Market analysts say the sharp fall in fixed-income yields over the past year has significantly improved the relative attractiveness of equities, encouraging both institutional and retail investors to increase exposure to the stock market.
The development comes as Ghana’s macroeconomic environment continues to stabilise, with easing inflation, improving exchange rate conditions and stronger investor confidence supporting demand for cedi-denominated assets.
The GSE Composite Index has recorded remarkable gains in 2026, returning nearly 49 percent in the first quarter alone.
Even after recent profit-taking activity triggered temporary market pullbacks earlier in May, investor appetite for equities has remained strong, particularly in banking, telecommunications and insurance stocks.
“With treasury bill yields declining steadily, many investors are now willing to take measured equity risk to achieve better real returns,” an investment analyst said.
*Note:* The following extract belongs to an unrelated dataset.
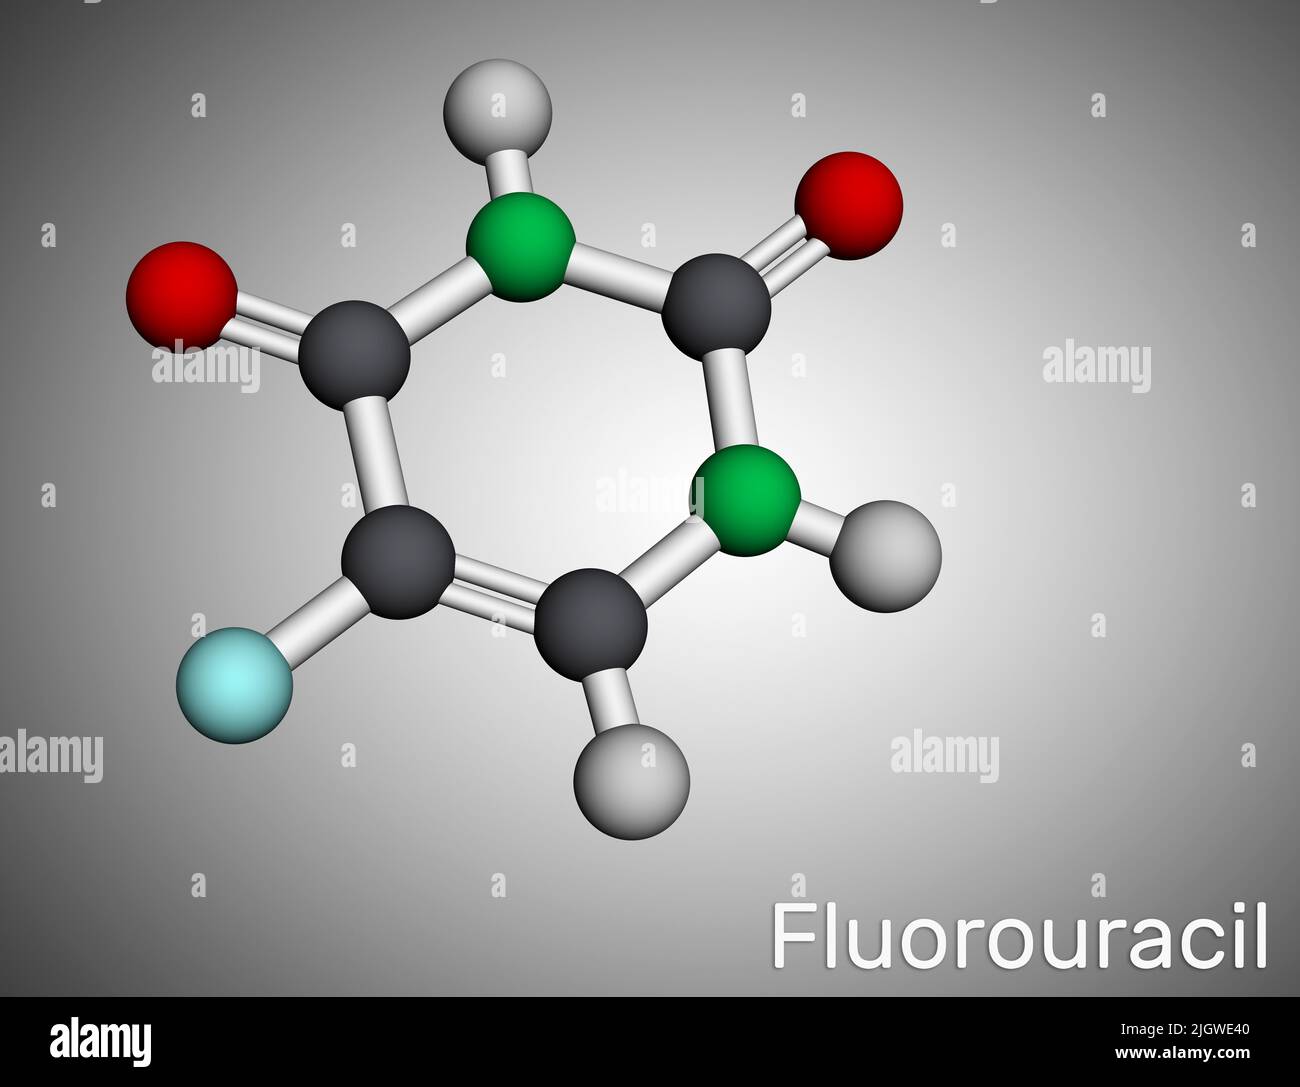 Fluorouracil, 5-FU-Molekül. Es handelt sich um ein Pyrimidin-analoges, zytotoxisches Chemotherapeutikum, das zur Behandlung von Krebs eingesetzt wird. Molekularmodell. 3D Rendern. Illustrat Stockfoto

Shares of several listed banks have posted exceptional gains this year as confidence returns to the financial sector following the impact of the Domestic Debt Exchange Programme.
Ecobank Ghana has emerged among the strongest performers on the market, with its share price rising more than 90 percent year-to-date by May 22.
Meanwhile, MTN Ghana continues to account for a substantial portion of trading activity on the exchange as investors seek stable dividend-paying stocks.
Analysts say easier access to digital investment platforms has also broadened retail participation in the market, particularly among younger investors searching for alternatives to traditional savings products.
The improving sentiment reflects growing confidence that Ghana’s economic recovery is becoming more firmly established.
“In previous market rallies, investors tended to panic after the first signs of correction,” a market commentator noted. “This time, temporary declines are being treated more as buying opportunities because confidence in the economic recovery is much stronger.”
However, analysts caution that the sustainability of the rally will depend on continued inflation control, exchange rate stability and strong corporate earnings growth.
They also warn that any unexpected tightening in monetary policy or renewed global market volatility could slow investor flows into equities.
Despite those risks, market experts expect banking, telecommunications and selected consumer stocks to remain attractive sectors as Ghana’s economic recovery gathers momentum through mid-2026.